Natural selection has been described as an environment selectively screening for those who will have progeny. Where humans are concerned, though, this is an extremely limiting viewpoint. Reproduction by sex tends toward experiment and innovation. It raises many questions, including the ancient one about whether environment is a selective agent after the variation occurs, or whether environment plays a pre-selective role in determining the variations which it screens. Dune did not realty answer those questions: it merely raised new questions which Leto and the Sisterhood may attempt to answer over the next five hundred generations.

-The Dune Catastrophe, After Harq al-Ada

The bare brown rocks of the Shield Wall loomed in the distance, visible to Ghanima as the embodiment of that apparition which threatened her future. She stood at the edge of the roof garden atop the Keep, the setting sun at her back. The sun held a deep orange glow from intervening dust clouds, a color as rich as the rim of a worm's mouth. She sighed, thinking: Alia... Alia... Is your fate to be my fate?

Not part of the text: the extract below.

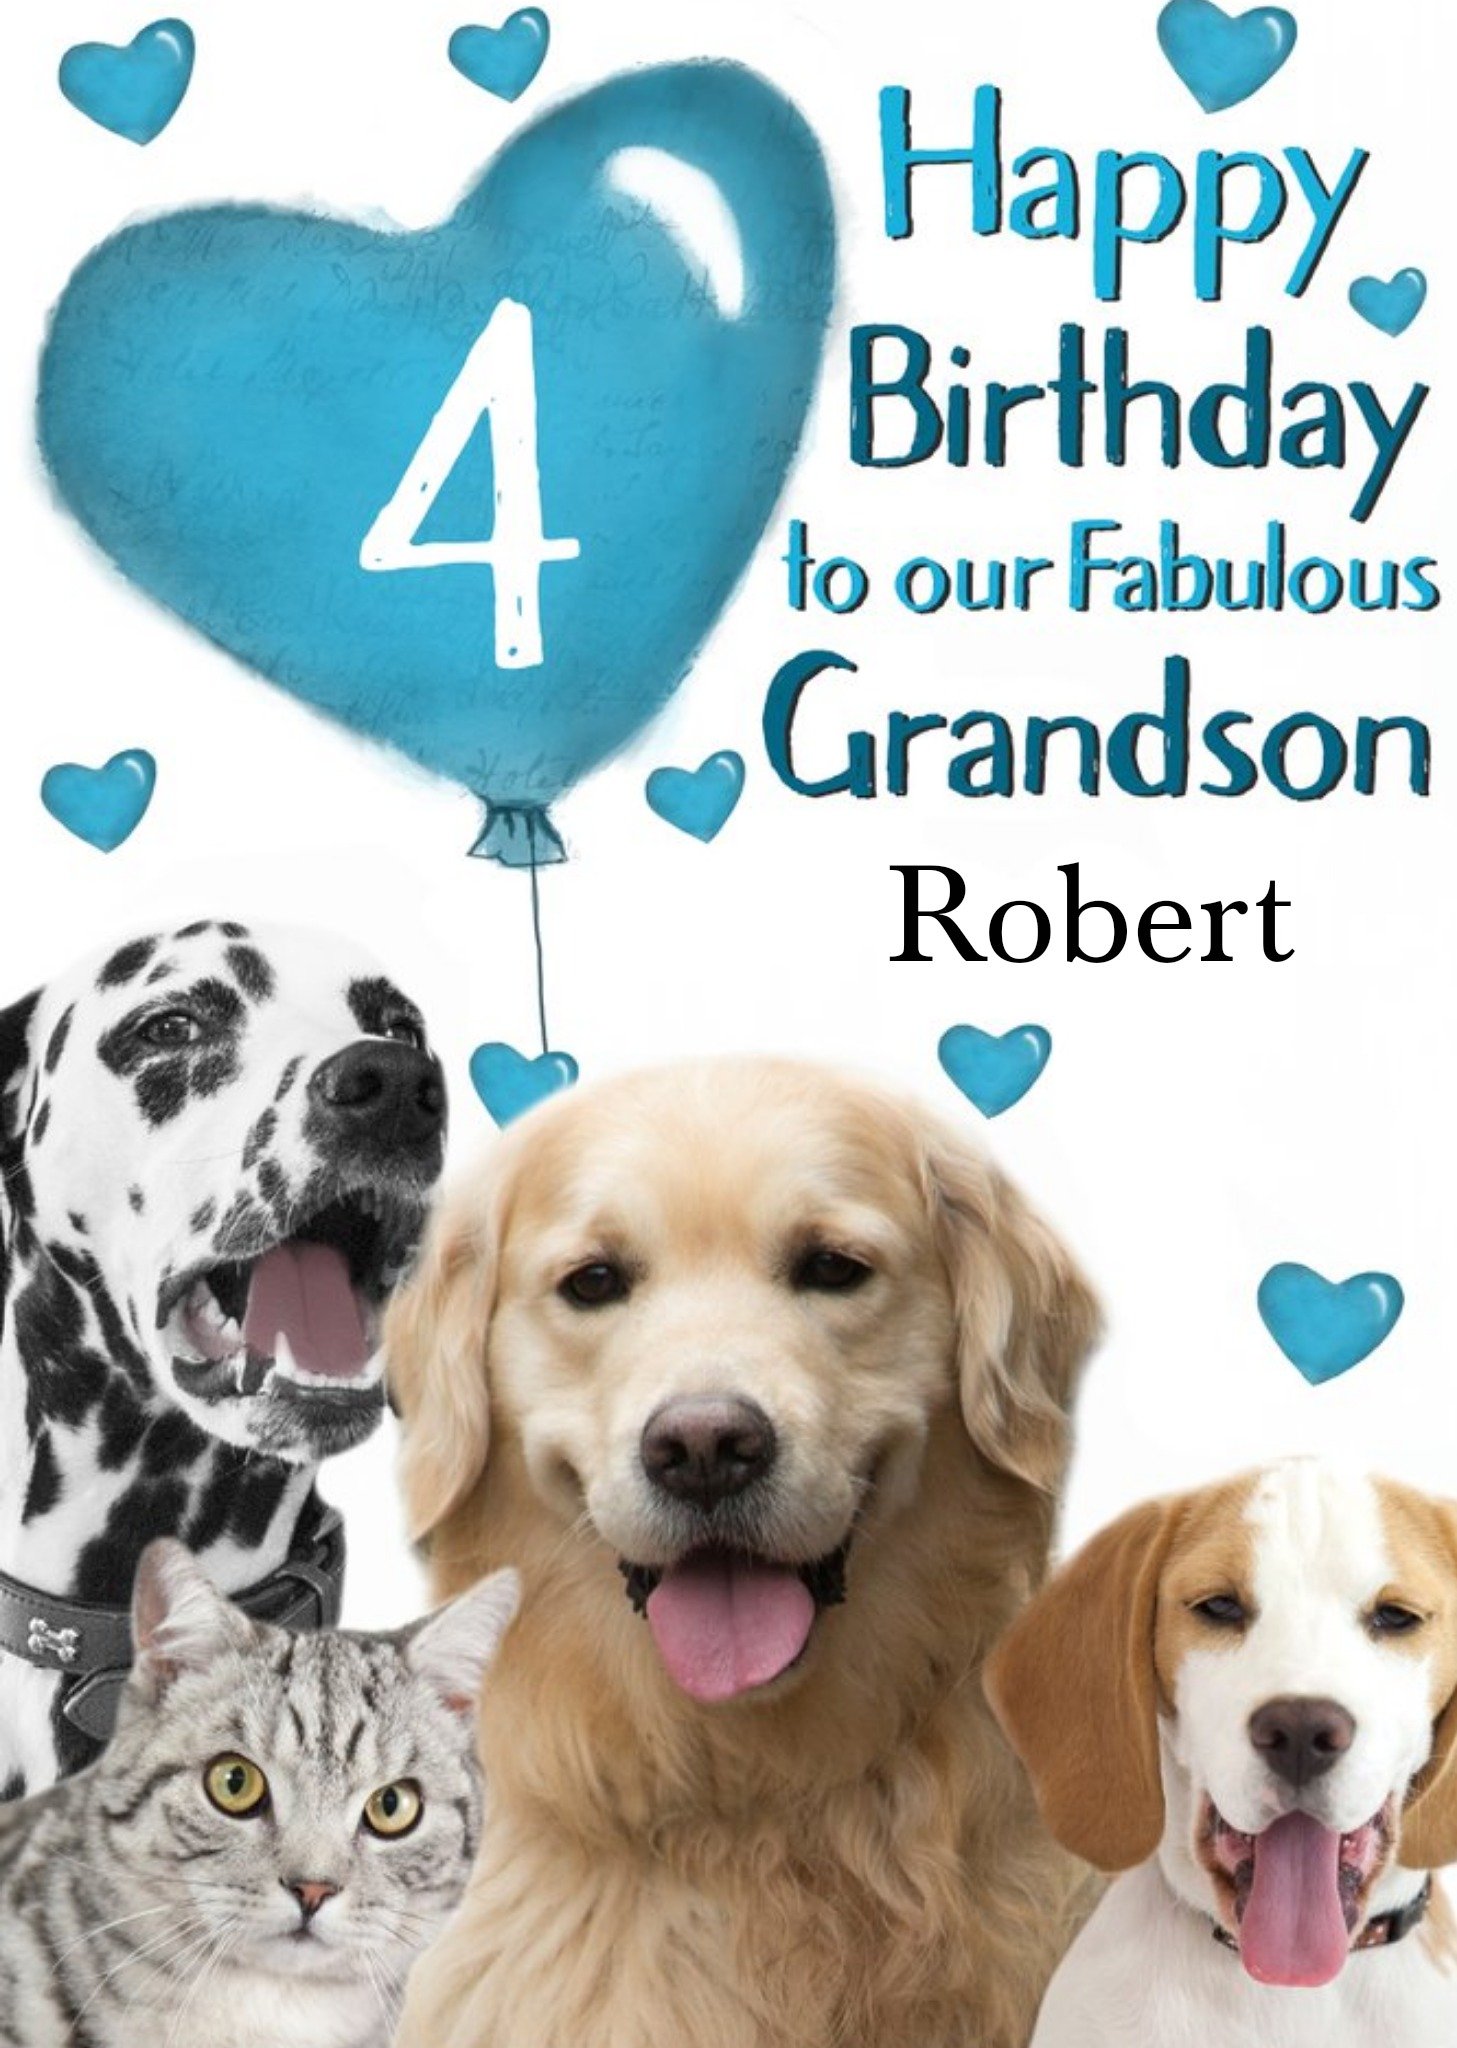 Moonpig Photo Of Cats And Dogs With Birthday Balloon Grandson 4th Birthday Card, Large

The inner lives had grown increasingly clamorous of late. There was something about female conditioning in a Fremen society - perhaps it was a real sexual difference, but whatever - the female was more susceptible to that inner tide. Her grandmother had warned about it as they'd schemed, drawing on the accumulated wisdom of the Bene Gesserit but awakening that wisdom's threats within Ghanima.

"Abomination;" the Lady Jessica had said, "our term for the pre-born, has a long history of bitter experiences behind it. The way of it seems to be that the inner lives divide. They split into the benign and the malignant. The benign remain tractable, useful. The malignant appear to unite in one powerful psyche, trying to take over the living flesh and its consciousness. The process is known to take considerable time, but its signs are well known."

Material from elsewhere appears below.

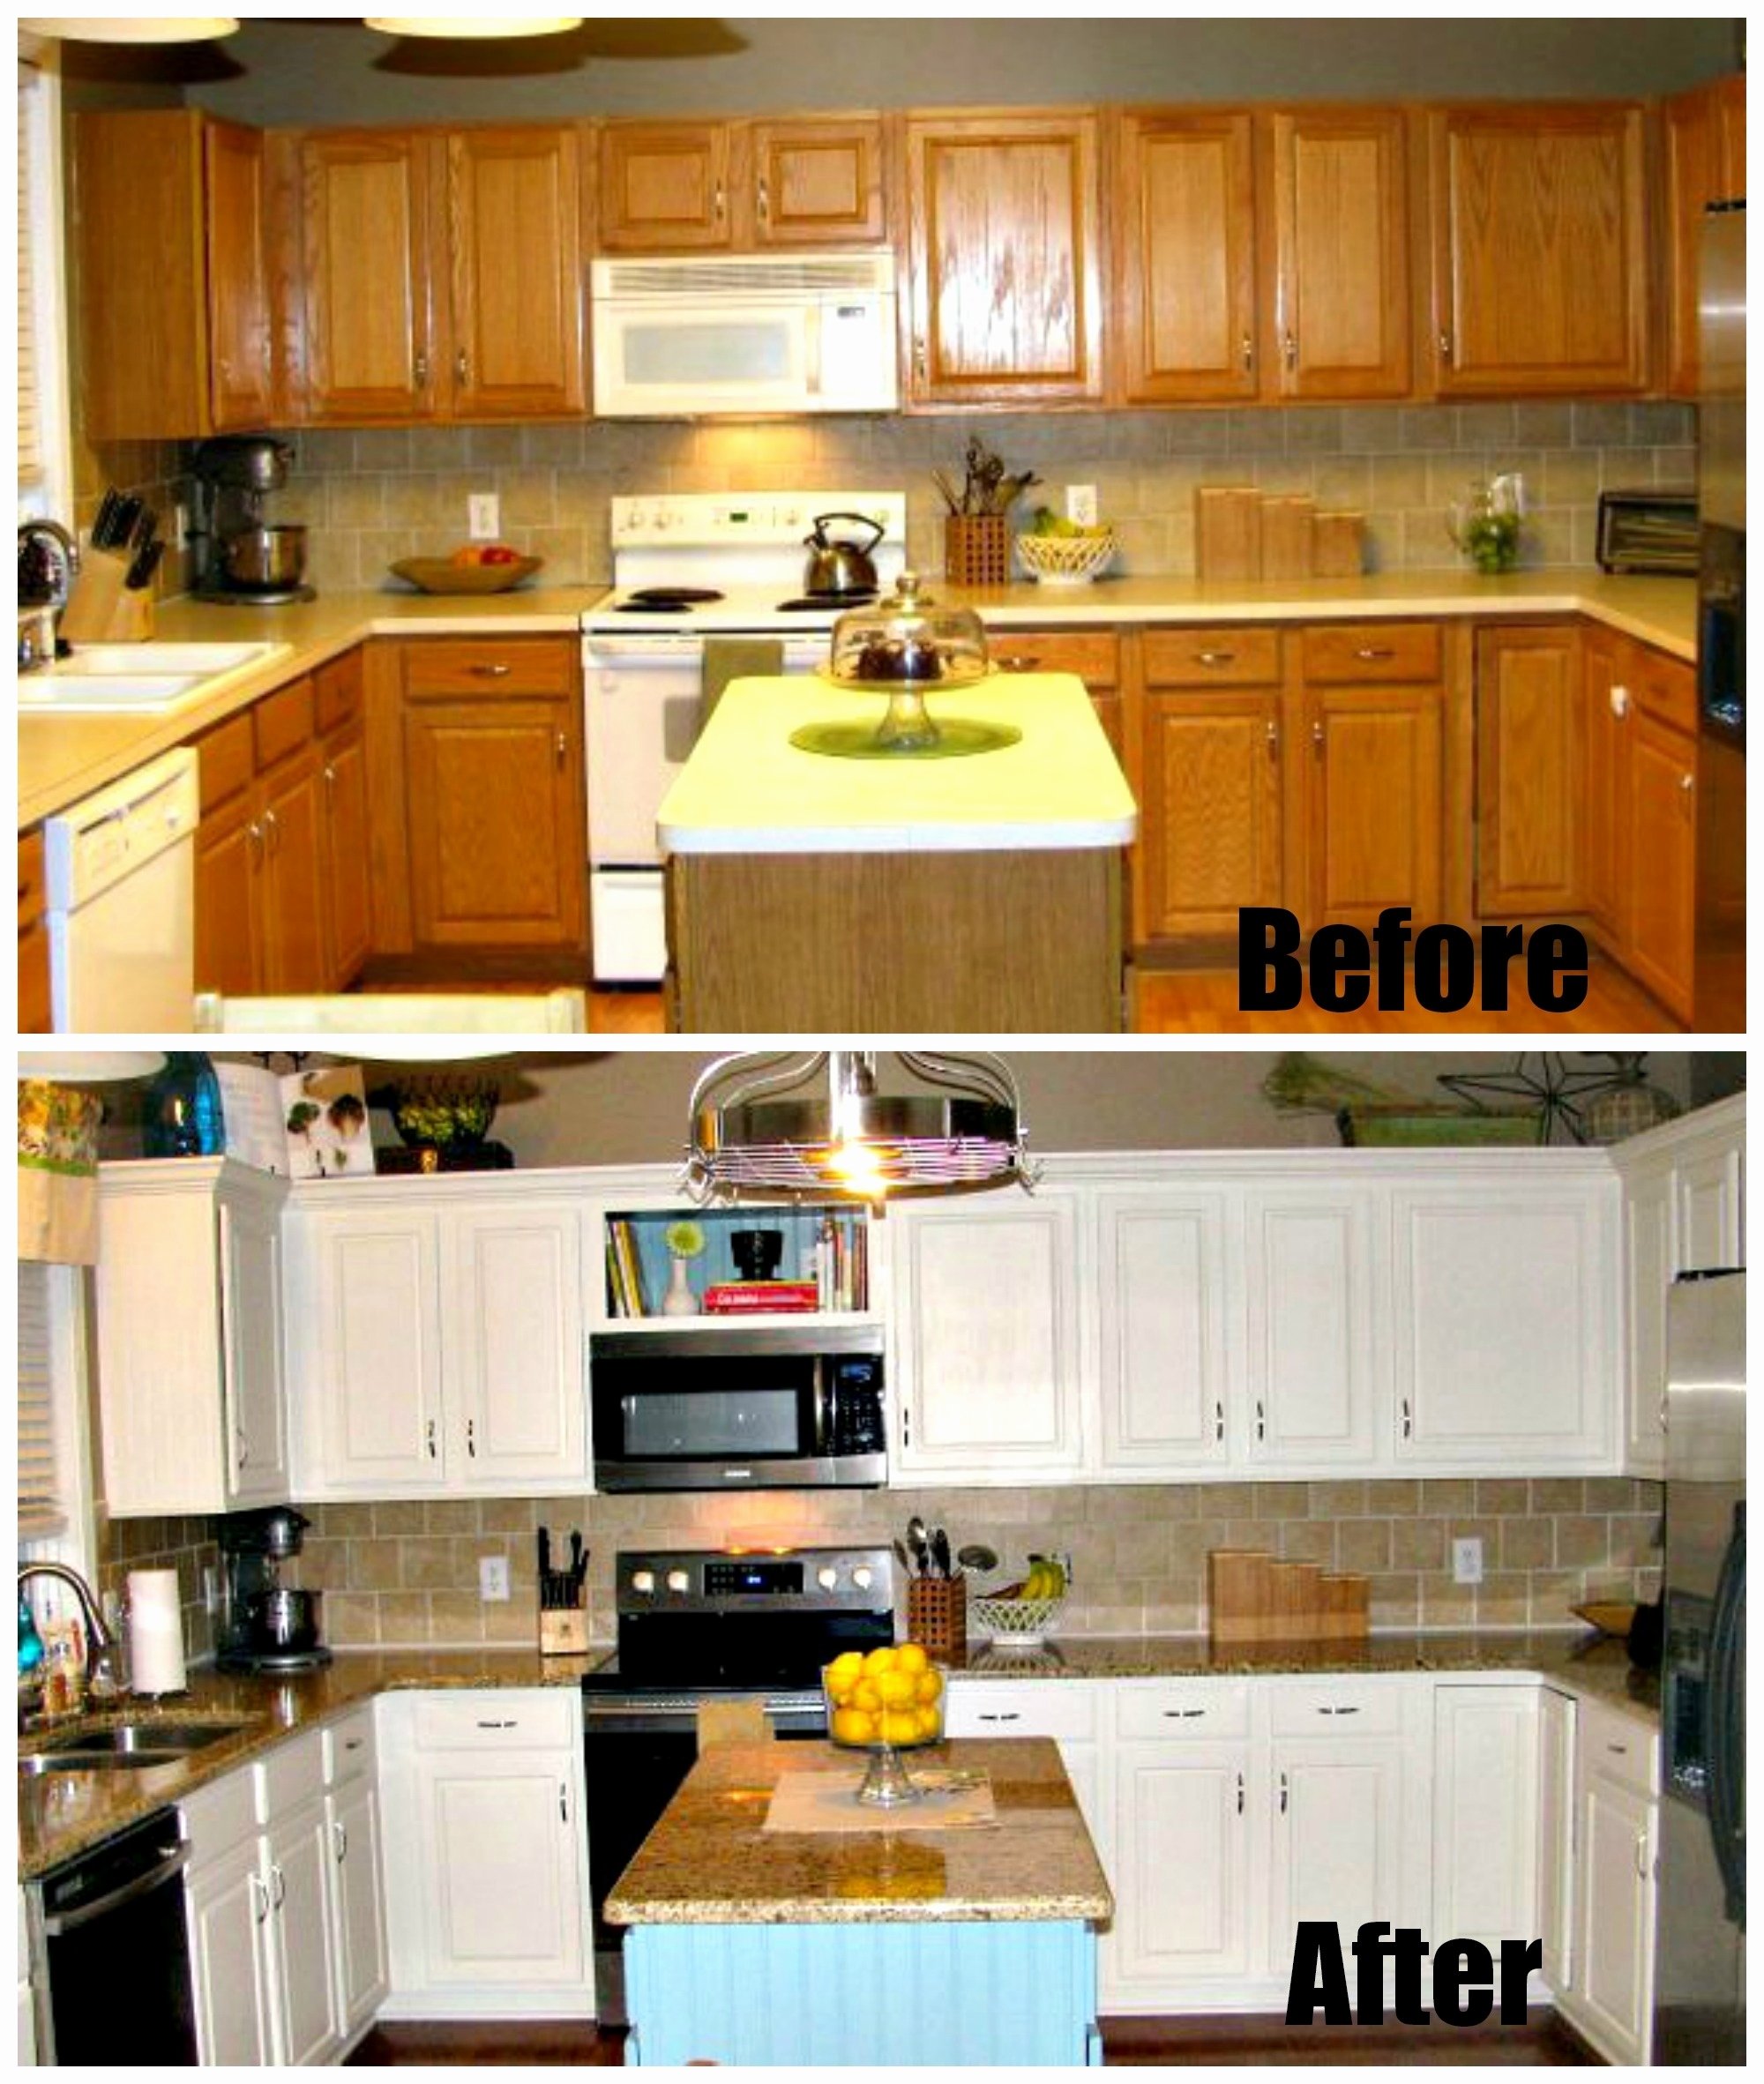  kitchen makeover ideas on a budget

"Why did you abandon Alia?" Ghanima asked.

"I fled in terror of what I'd created," Jessica said, her voice low. "I gave up. And my burden now is that... perhaps I gave up too soon."

"What do you mean?"

"I cannot explain yet, but... maybe... no! I'll not give you false hopes. Ghafla, the abominable distraction, has a long history in human mythology. It was called many things, but chiefly it was called possession. That's what it seems to be. You lose your way in the malignancy and it takes possession of you."

"Leto... feared the spice," Ghanima said, finding that she could talk about him quietly. The terrible price demanded of them!

"And wisely," Jessica had said. She would say no more.

But Ghanima had risked an explosion of her inner memories, peering past an odd blurred veil and futilely expanding on the Bene Gesserit fears. To explain what had befallen Alia did not ease it one bit. The Bene Gesserit accumulation of experience had pointed to a possible way out of the trap, though, and when Ghanima ventured the inner sharing, she first called upon the Mohalata, a partnership of the benign which might protect her.

She recalled that sharing as she stood in the sunset glow at the edge of the Keep's roof garden. Immediately she felt the memory-presence of her mother. Chani stood there, an apparition between Ghanima and the distant cliffs.

"Enter here and you will eat the fruit of the Zaqquum, the food of hell!" Chani said. "Bar this door, my daughter; it is your only safety."

The inner clamor lifted itself around the vision and Ghanima fled, sinking her consciousness into the Sisterhood's Credo, reacting out of desperation more than trust. Quickly she recited the Credo, moving her lips, letting her voice rise to a whisper:

"Religion is the emulation of the adult by the child. Religion is the encystment of past beliefs: mythology, which is guesswork, the hidden assumptions of trust in the universe, those pronouncements which men have made in search of personal power, all of it mingled with shreds of enlightenment. And always the ultimate unspoken commandment is 'Thou shall not question!' But we question. We break that commandment as a matter of course. The work to which we have set ourselves is the liberating of the imagination, the harnessing of imagination to humankind's deepest sense of creativity."